Monday, October 11, 2010

 

Youth Afflicted


Dedicated to the young people I love…. and the not so young people I love. Ruby *o*

A few days ago I was speaking to loved ones. We were joking and animated using a wonderful techno invention called Skype. The youngest speaker made a loving comment about the Middle-aged speaker being “an old man.” I came back with the line that she was “YOUTH AFFLICTED!” Although we joked, there was plausible truth attached. It set me to ponder what it really meant to me to be physically young, and then to gradually age until… now I may be the world’s oldest human. Well at least on some days I am, when the bones, connective tissues, and creaking joints start to cuss’ n’ groan.”

I do ‘not’ believe youth is wasted on the young. I do believe that the young should never have to know an aging body that becomes diseased and hurts. Thank God my average, but always challenged by my pursuit of forever-education memory, is still holding up very well. When physically young, until my mid-thirties, I was a professional MAMBO dancer. Even then if the jobs (gigs) were doubles in a twenty-four hour span, I ached from sheer exhaustion. YET…. I could set up a professional stage wearing my full-length handmade beaded gowns and sneakers, and then break it down after our gigs were completed. Afterward, we had to pack up the car(s) with heavy instruments and electronic equipment. This comes after a full night’s entertaining labours, rush home to grab some sleep before doing my day job, cooking, and whatever else of the mundane had to be completed. YES, we really worked much too hard.
Being the only female in our orchesta, the guys joked that I was like a Silver-backed Gorilla.

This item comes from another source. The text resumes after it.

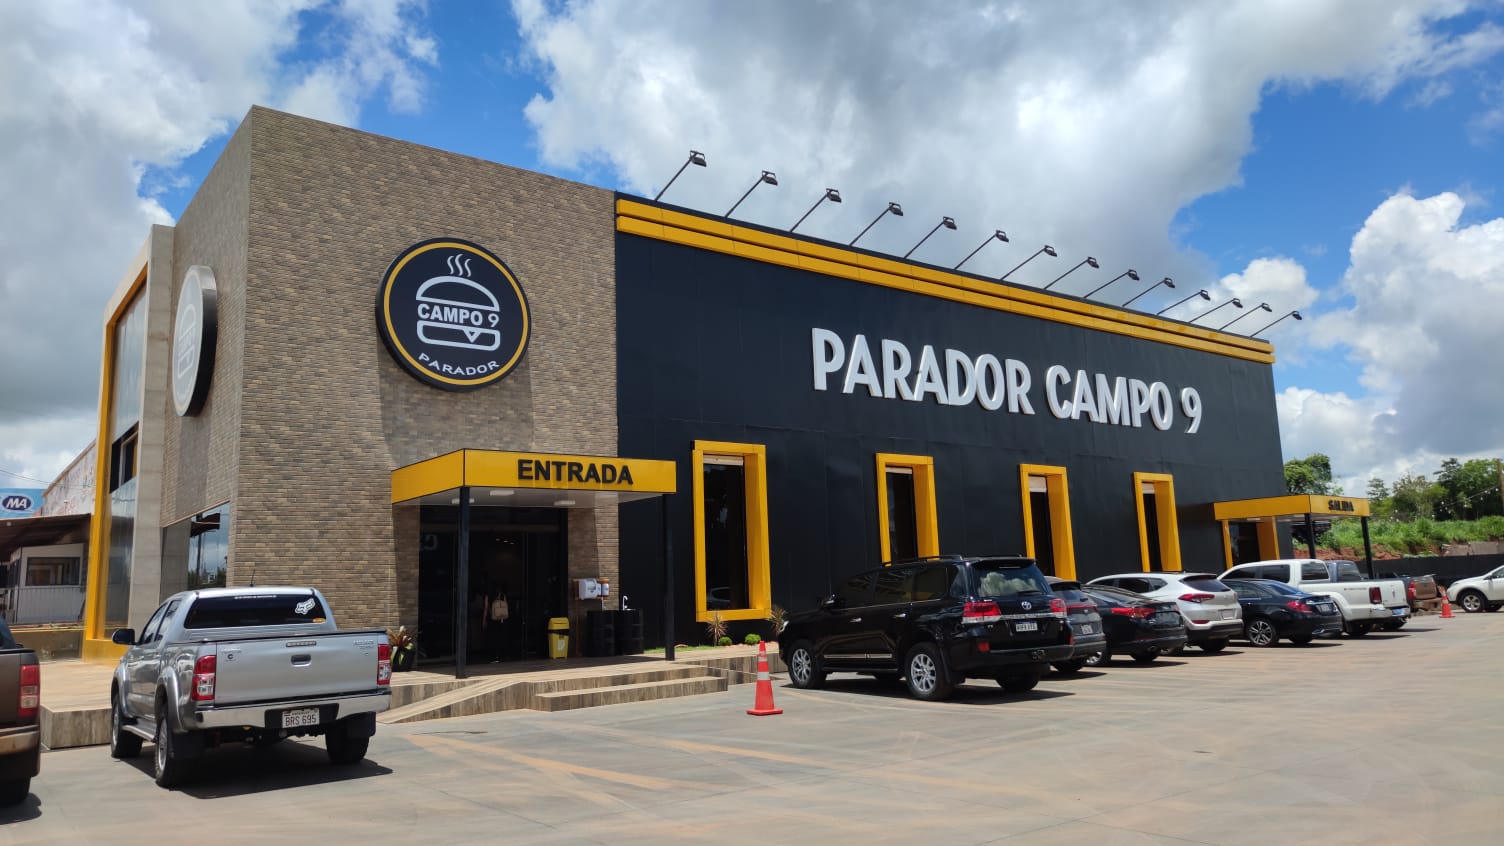 Parador Campo 9

Today if I tried doing all that, you would be visiting me in Rainbow through a psychic medium. ;-) All jokes and sarcasms aside, it is wonderful to be physically young and in excellent health. I cherish every moment of that endurance testing work. Enjoy your youth. Then, if your personal God allows, enjoy your golden years too. At best, life down here is very very short.
Comment: Betty wrote: = In answer to my 4 year old great-grandnephew's question as to why I have a mushy face, I told him that when he is 76 he can be lucky enough to have that too. I also showed him how heavy my eyelids could get and that they close like a door when I am sleepy and that he will be able to do that when he is 76. I wanted him to know that there are perks to getting older. They love when I tell them about my youth when we lived in caves and my dad had to go hunting for food while I stayed at home with my mom and watched her washing the rocks, one by one, by hand, because there were no washing machines or dryers in the Stone Age.

Comments:
We laughed out loud at your comment about doing too much now would land you in Rainbow. I am only forty and already feeling some of what you referred to with the creakings. Keep up the good writing. Even my kids love to read your blogs. Lucky for us, they aren't youth afflicted.
anon in NYC
 
Betty wrote: = In answer to my 4 year old great-grandnephew's question as to why I have a mushy face, I told him that when he is 76he can be lucky enough to have that too. I also showed him how heavy my eyelids could get and that they close like a door when I am sleepy and that he will be able to do that when he is 76. I wanted him to know that there are perks to getting older. They love when I tell them about my youth when we lived in caves and my dad had to go hunting for food while I stayed at home with my mom and watched her washing the rocks, one by one, by hand, because there were no washing machines or dryers in the Stone Age.